LBaaS user needs permissions to POST consumers

Fix proposed to branch: master
Review: https://review.openstack.org/251168

Hi all,

How's the progress for this bug?
It seems like the bug I reported https://bugs.launchpad.net/barbican/+bug/1592612 is somehow related to this bug.
Do any of you mind check out the bug I reported? Thanks a lot.

Sorry Folks, I am stuck into some other priorities right now.

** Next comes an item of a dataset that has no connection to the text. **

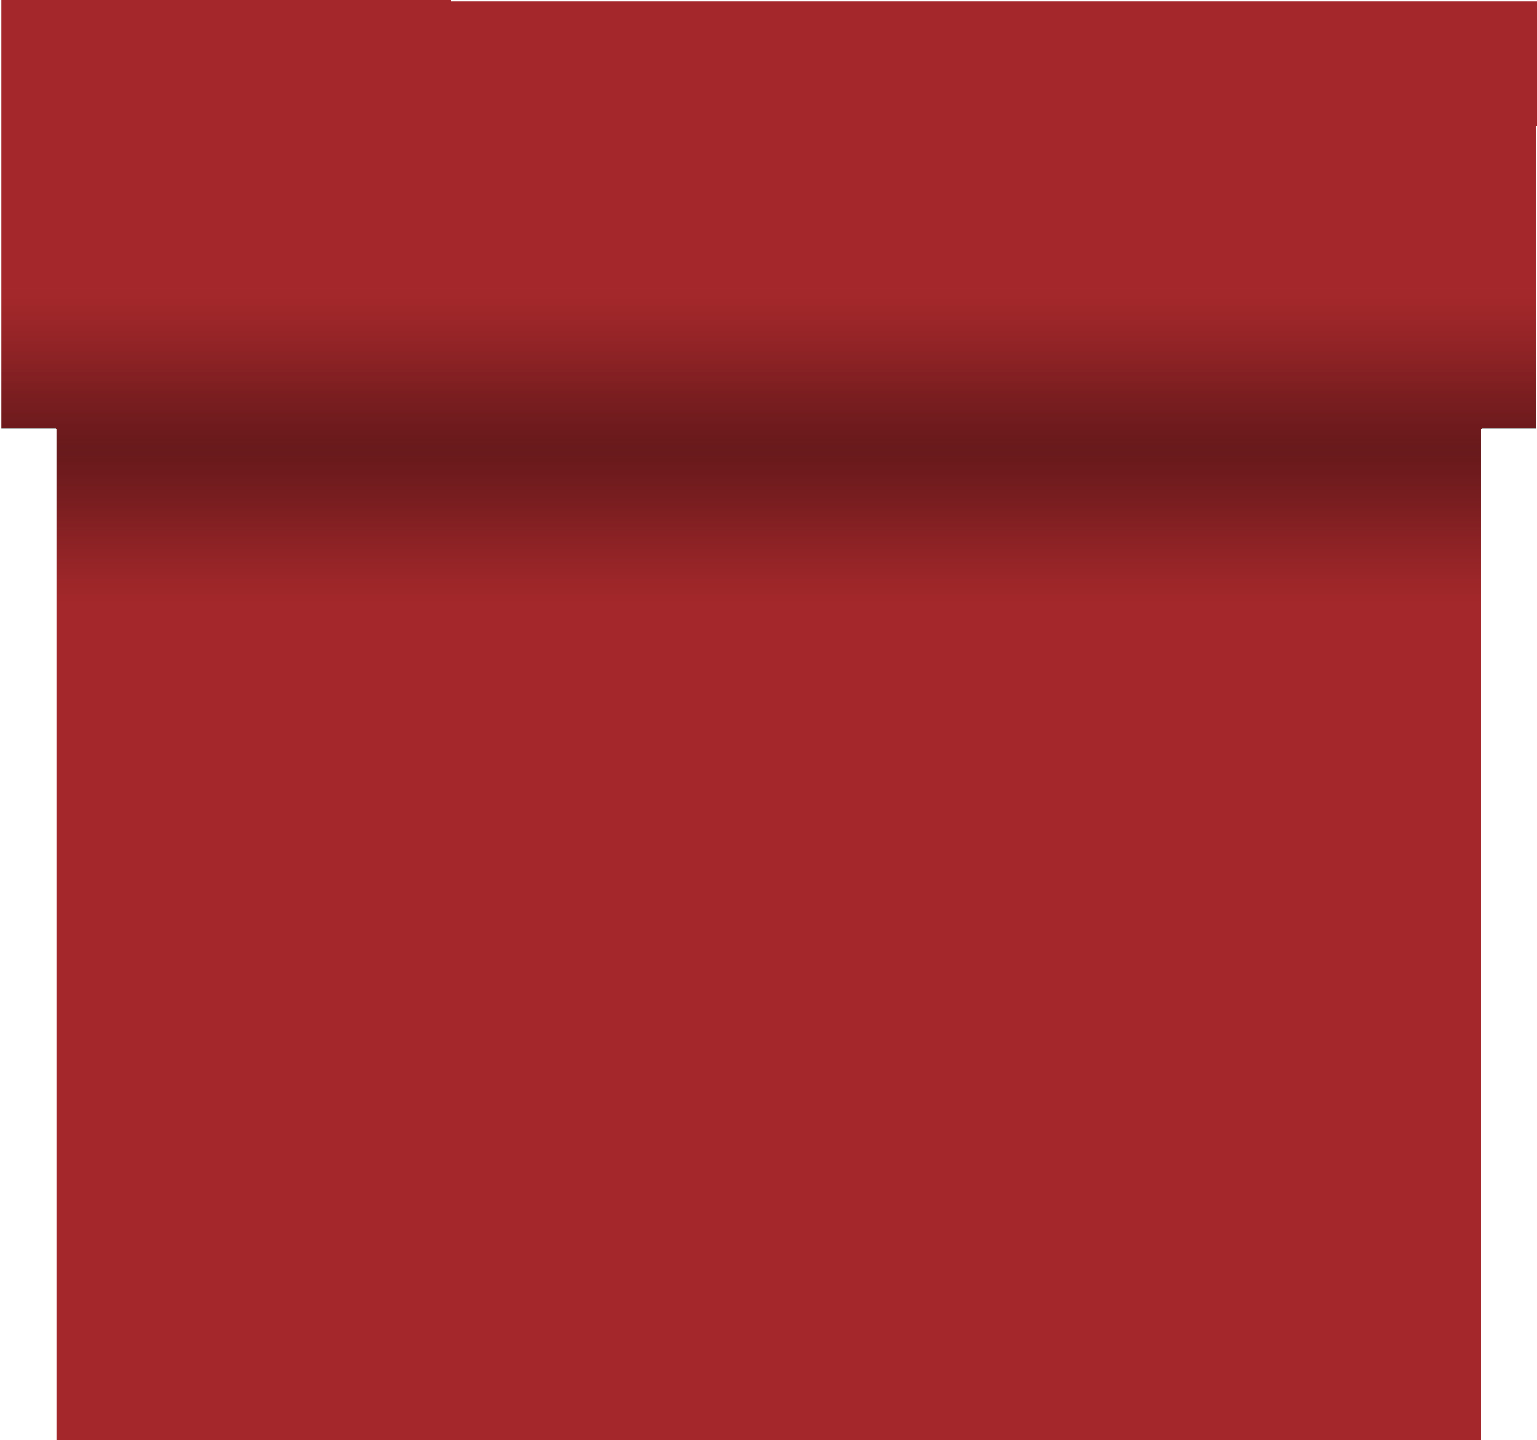 Dunicel poikkiliinarulla punainen 0,4x4,8m perforoitu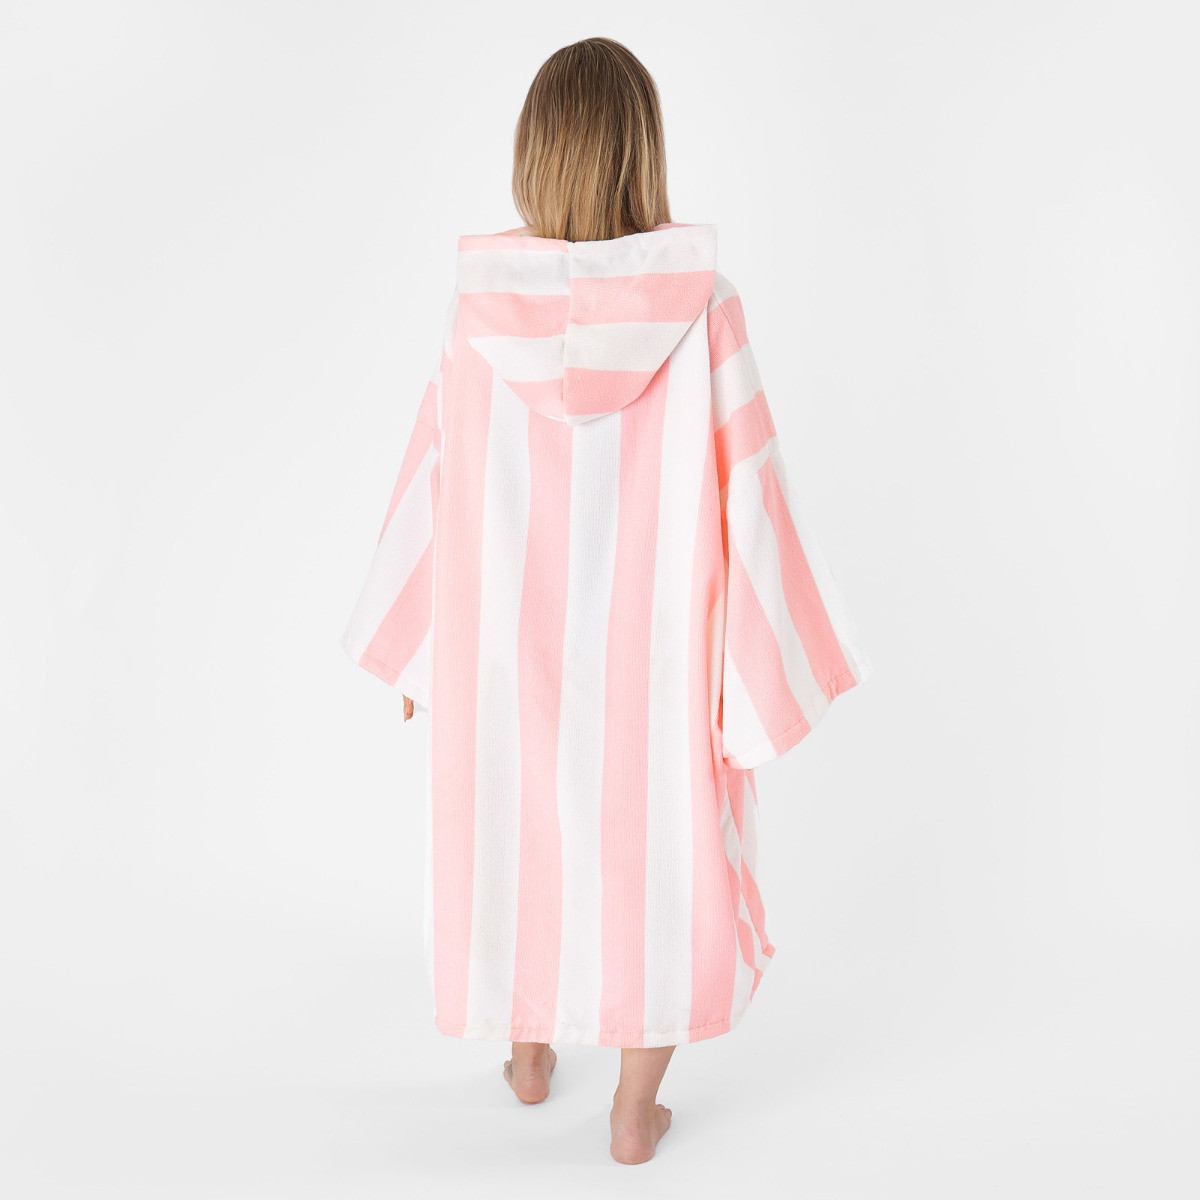 Dreamscene Stripe Print Poncho Oversized Changing Robe, Adults - Blush Pink>

I ran into the same bug as Jiahao, but on liberty stable devstack: https://bugs.launchpad.net/barbican/+bug/1592612
Is there any temporary workaround until this is fixed?

Hi All,

Anyone is working on this bug?

Reviewed: https://review.openstack.org/251168
Committed: https://git.openstack.org/cgit/openstack/barbican/commit/?id=38ecf5b51fef1293e9c1d95d8110c50ae5997f28
Submitter: Jenkins
Branch: master

commit 38ecf5b51fef1293e9c1d95d8110c50ae5997f28
Author: Pan <email address hidden>
Date: Thu Aug 25 12:56:07 2016 -0400

    Remove consumer check for project_id to match containers

    I believe this is the correct behavior, as it would match how
    containers handles these operations. This change facilitates
    the LBaaS Barbican TLS workflow (which should be the same as
    what other services will use in the future too).

    The RBAC settings for consumer POST should be set to
    use the same ACL rules as container GET (plus admin).

    The RBAC settings for consumer DELETE should be:
     * Any user with Delete permissions on the Container
     * Any user that both: has ACL Read access to the Container; is a member
       of the project that created the Consumer being deleted

    Change-Id: Ie84784573893934c2887814a200e7386314b4f18
    Closes-Bug: #1519170

You will also need this
https://bugs.launchpad.net/barbican/+bug/1624801

This issue was fixed in the openstack/barbican 3.0.0.0rc1 release candidate.

This issue was fixed in the openstack/barbican 3.0.0 release.

Abandoned after re-enabling the Octavia launchpad.